Monday, January 22, 2018

meet Joe: polyglot, physicist, cantor

Joe is "just another sinner along the way here."
How long have you been a practicing Catholic?

Well, I was baptized into the faith a day after I was born. So I guess that’d make me quite literally a Catholic from just after birth. I have been going to church since I was little, and while some days were easier than others.

Care to share your conversion/reversion story? (More like how a born Westerner found his inner Eastern which he always had)

I suppose the story begins something like this, I was baptized a Roman Christian the day after I was born. And I grew up going to Mass every Sunday, sometimes me willing, sometimes me, not so much….One of my favorite memories was midnight Mass…but more on this later.

Fast forwarding to my teenage years where I experienced the hardest thing that any person will have to go through, the loss of a parent. (My mom) it probably didn’t help that things were already in a funk, when I lost both my grandmother and my aunt in recent years before that. During that time, I felt that the world around me was falling apart, and things changed to where I don’t want to say I didn’t believe, but I had very heavy doubts.

After mum died there was some time that I didn’t go to church or have anything to do with church at all. It was during college when a 7th day Adventist challenged me, that I started researching the Faith. I really fell in love with the Eastern Fathers, St John Chrysostom , St Basil, St Simeon the new Theologian, I did nothing about this of course being I just wanted to get back on my feet and being able to answer the questions that the girl brought up. Around the beginning of Pope Benedict’s Pontificate I started heading back to Mass….However that spark for the East didn’t reappear for a while until a few years into college.

I finally had the change to go experience and visit different places. Now having a car, I searched for various churches to go to, I wondered what in the world was this Byzantine Catholic Church that I read about. I went on a Sunday for a Liturgy in 2007 and the rest was history. I wondered where in the world was this, the reverence the movement, the other-worldliness of the Liturgy that I never experienced as a child, and even as an adult with the Traditional Latin Mass. I’m a physicist and mathematician by training, so my approaches to things are quite linear and very much cerebral. At the Divine Liturgy, there was motion, and I could let go of the normal routine of things to see things in a very different light….

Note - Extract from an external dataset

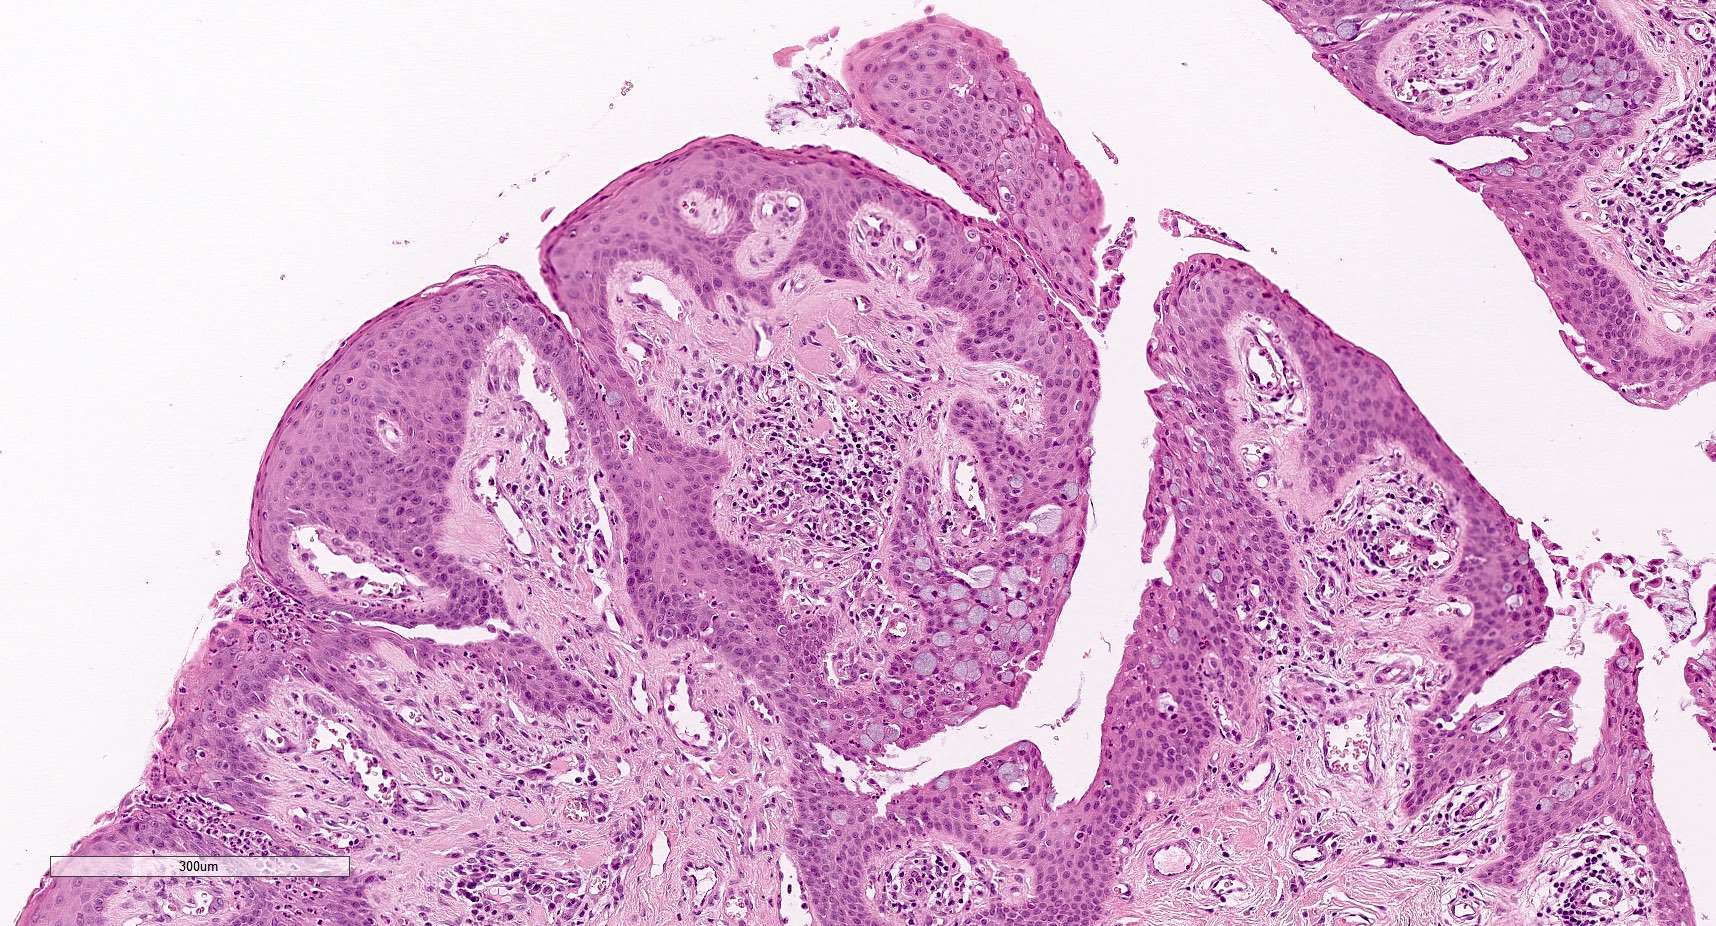 Acanthotic epithelium with fibrovascular cores

A few years later, I found myself in Roman Seminary, and I make no secret about the fact that I wished to serve both the West and the East at the time. But also during this time, there was an opportunity to experience the Divine Liturgy according to the Armenians, but there was some similarity to the Latin praxis and still wasn’t there. I’ll spare you the details of how my time in Roman Seminary was, I’ll just say it was “interesting”. Finally, I moved to Idaho, and found what I’ve been searching for. The Divine Liturgy, with all of the motion, and it was from that point I took this Eastern praxis as my own, and something I started incorporating into my thoughts and praxis. It was the interaction with a few of the parishioners at the parish that really helped bring out my Eastern thought. I’ve always been all right with diversity in opinion and thought, and never thought that we’re trying to train robots, or everything must be a carbon copy. Seeing this lived out in Eastern Christianity made me want more of this, and so I made this happen.

Also during this time I experienced the Faith at a Russian Orthodox Church during Lent. I had the chance to attend the Good Friday Liturgy and saw a very old man about 95 making full prostrations during the Liturgy. (Which for me is difficult at times), but that day I tried much more….I had been a rusophile for a long time, since high school, and to experience the Faith from the Russian perspetrivu brought a completion to what I try to live.

I guess you can say this is the summarised form of what could be written as a much more detailed version. I’m thankful for the opportunity to share this part of my story with you.

How does your faith inform your day-to-day life?

Everyday starts and ends the same, with the Jesus prayer in Russian (my preferred language to pray in these days)….Though I’m known to still occasionally throw out some words in a few other languages from time to time.

The Faith influences everything that I do, I don’t claim to be any good at this though I’m still trying to get this right, 32 years and I’m still not quite getting it :p….I try to keep things simple, Love God, love neighbour, don’t be a jerk…I try to live all these things out, but of course this is still a work in progress.

There’s a lot of play when it comes to the issues of the day; I’m glad that the Faith doesn’t make us approach things from the same way. We can look at different issues from different perspectives. I’m constantly making the sign of the cross, and invoking Our Lord’s mercy, because do we all need it collectively and individually or what? .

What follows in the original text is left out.